2. The fieldbus network of claim 1 wherein the device coupler includes a current signaling device for communicating with a central controller and said voltage control signal is generated by said current signaling device.

3. The fieldbus network of claim 2 wherein device coupler includes a microcontroller device for superimposing said voltage control signal on a digital communication signal generated by said current signaling device.

4. The fieldbus network of claim 1 wherein said device coupler comprises a voltage sensing circuit coupled to a microcontroller device for comparing voltages sensed by said voltage sensing circuit with predetermined values stored in said microcontroller to determine a value for said voltage control signal.

5. The fieldbus network of claim 4 wherein said device coupler further includes a current signaling device coupled to said microcontroller device for transmitting said voltage control signal to said power supply.

6. A voltage control circuit for a fieldbus power supply, said fieldbus power supply having a variable voltage output, comprising a device coupler connected to said power supply for distributing power at a prescribed voltage to a plurality of fieldbus devices, said device coupler having a voltage sensing circuit for sensing a level of said variable voltage output and for providing a control signal to alter said output when said level rises above a prescribed value.

7. The voltage control circuit of claim 6 wherein said fieldbus power supply includes a first microcontroller for setting said variable voltage output in response to a voltage control signal from a second microcontroller, said second microcontroller being associated with said device coupler.

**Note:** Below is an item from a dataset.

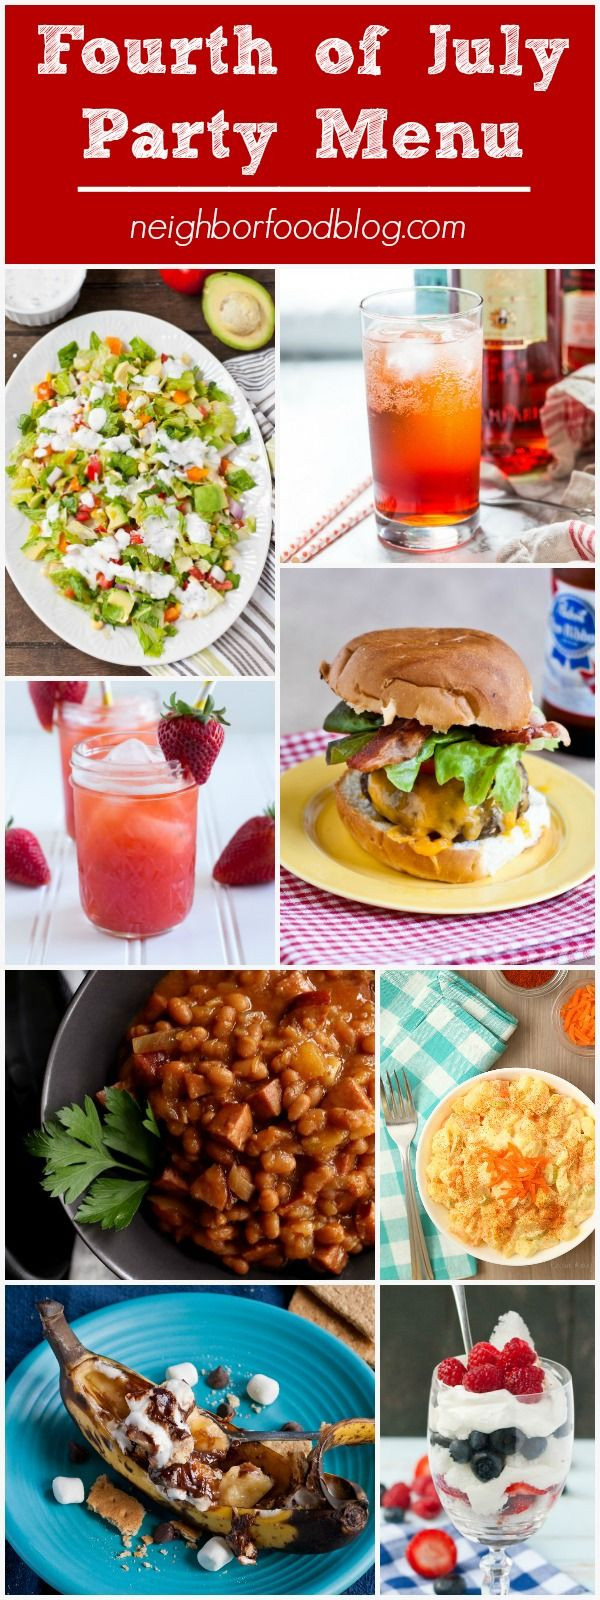 Menu Ideas For Summer Dinner Party
 Best 25 Summer dinner party menu ideas on Pinterest

8. The voltage control circuit of claim 7 wherein said device coupler includes a digital signal generator for sending data from said fieldbus devices to a central data processing unit, said second microcontroller being coupled to said data signal generator whereby said voltage control signal is superimposed on said data.

9. The voltage control circuit of claim 8 further including a filter coupled to said fieldbus power supply for isolating said voltage control signal from said data and coupling said voltage control signal to said first microcontroller.

10. A method for controlling power supply voltage in a fieldbus network comprising the steps of:

(a) Sensing a voltage provided by a variable voltage supply to a fieldbus device coupler;

(b) Comparing said voltage to a predetermined threshold voltage;

(c) Generating a voltage reduction signal when said voltage exceeds said threshold voltage; and,

(d) Adjusting said voltage such that it is reduced to at least the level of said threshold voltage.

11. The method of claim 10 wherein step (a) is conducted in a hazardous environment and step (d) is conducted outside of said hazardous environment.

12. The method of claim 10 further including the step of transmitting said voltage reduction signal over said fieldbus network by modifying a characteristic of a fieldbus data signal.